**PROBLEM REQUIREMENTS**
Any picture in the listing is left out of the copy; all else is duplicated exactly.

**DATA SHOWN**
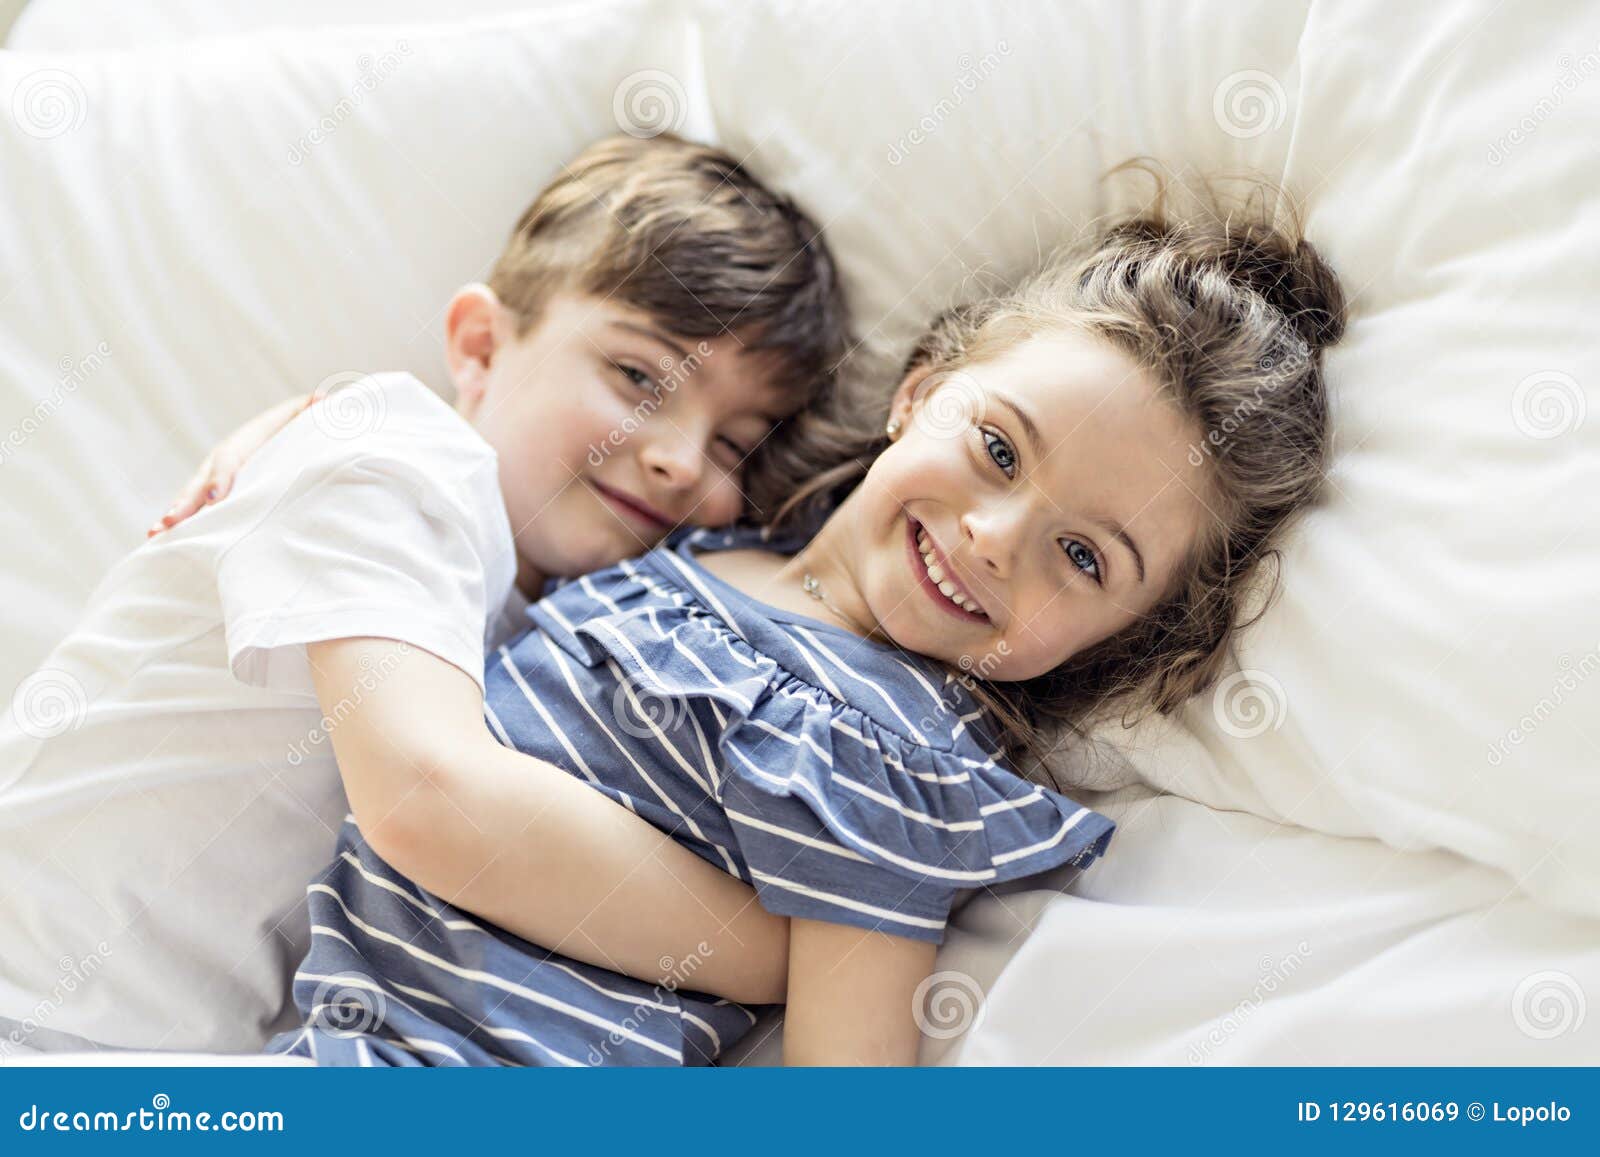 Сын с сестрой занимаются. Братик и сестричка в кровати. Фотосессия брат и сестра. С сестренкой в постели. Мальчик лежит на маме.
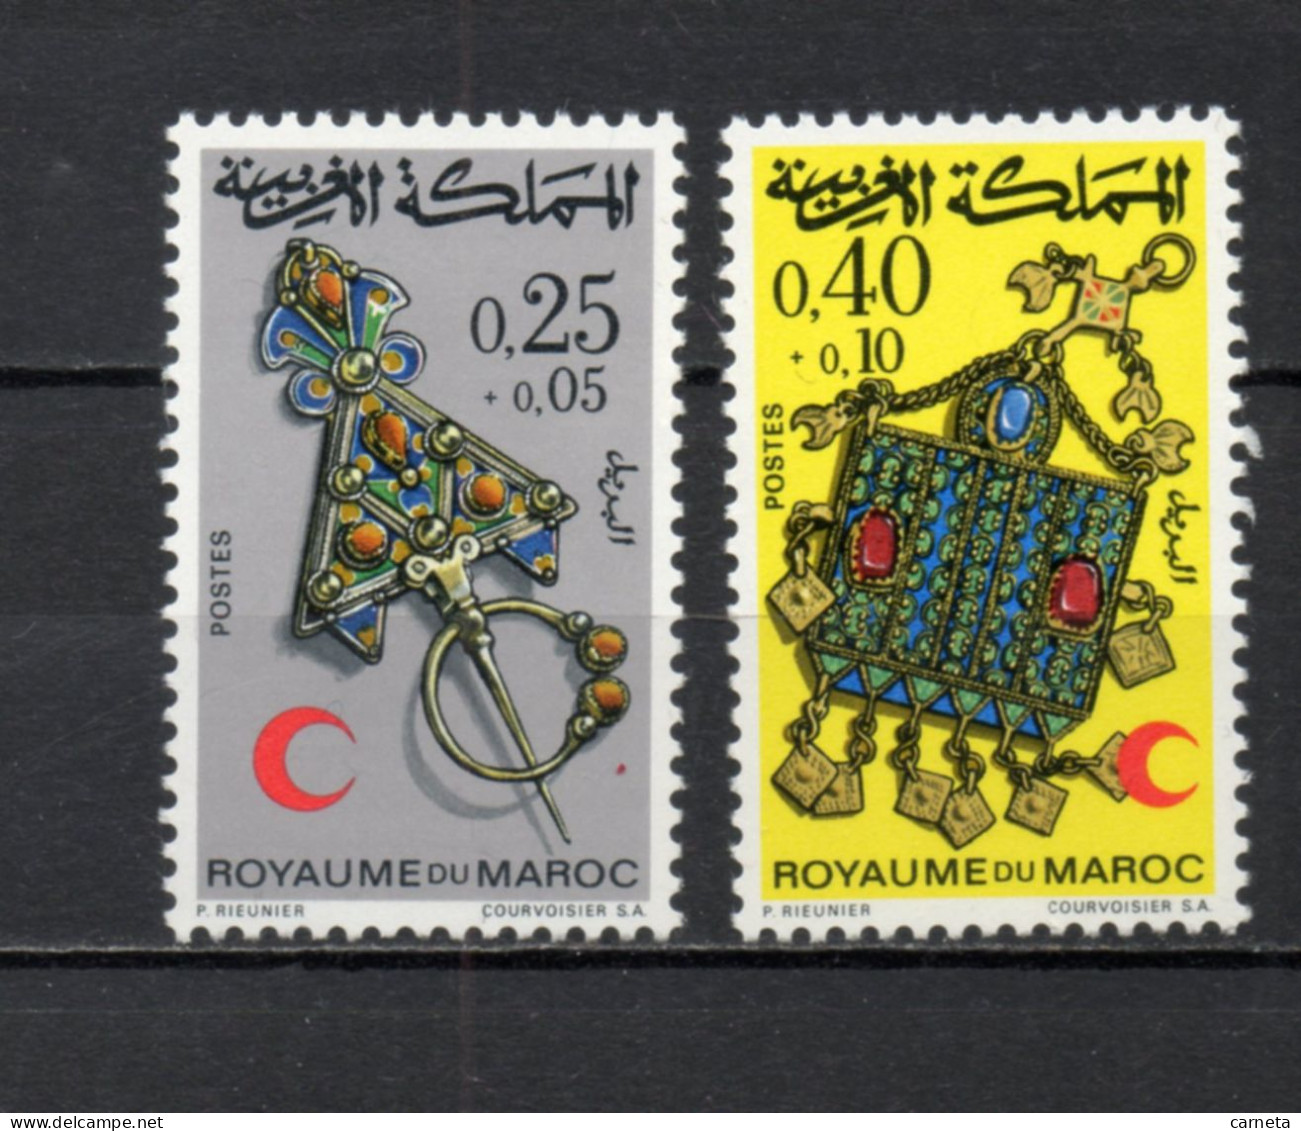 MAROC N°  616 + 617     NEUFS SANS CHARNIERE  COTE 4.05€    CROISSANT ROUGE - Marruecos (1956-...)
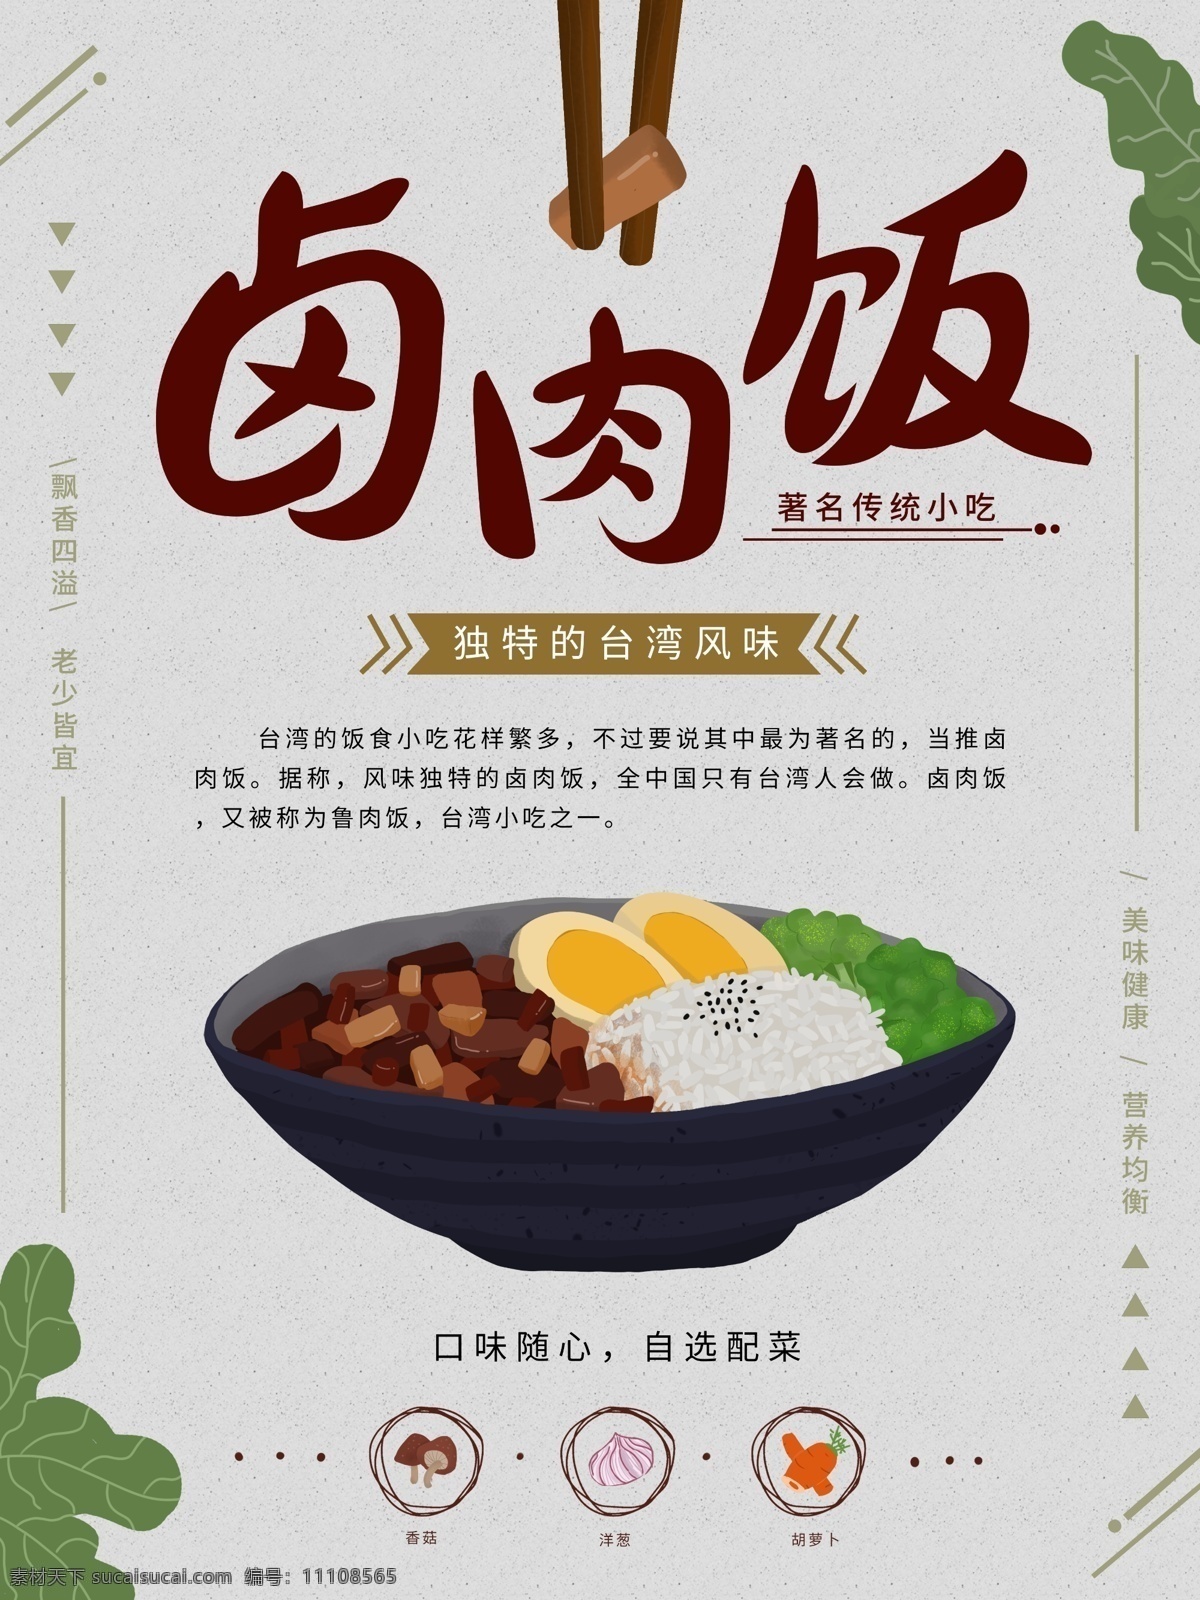 原创 手绘 插画 台湾 美食 卤肉 饭 宣传海报 促销海报 展架 碗 肉 小清新 小吃

**YOUR SOLUTION**
 Сын с сестрой занимаются. Братик и сестричка в кровати. Фотосессия брат и сестра. С сестренкой в постели. Мальчик лежит на маме.
 MAROC N°  616 + 617     NEUFS SANS CHARNIERE  COTE 4.05€    CROISSANT ROUGE - Marruecos (1956-...)
 原创 手绘 插画 台湾 美食 卤肉 饭 宣传海报 促销海报 展架 碗 肉 小清新 小吃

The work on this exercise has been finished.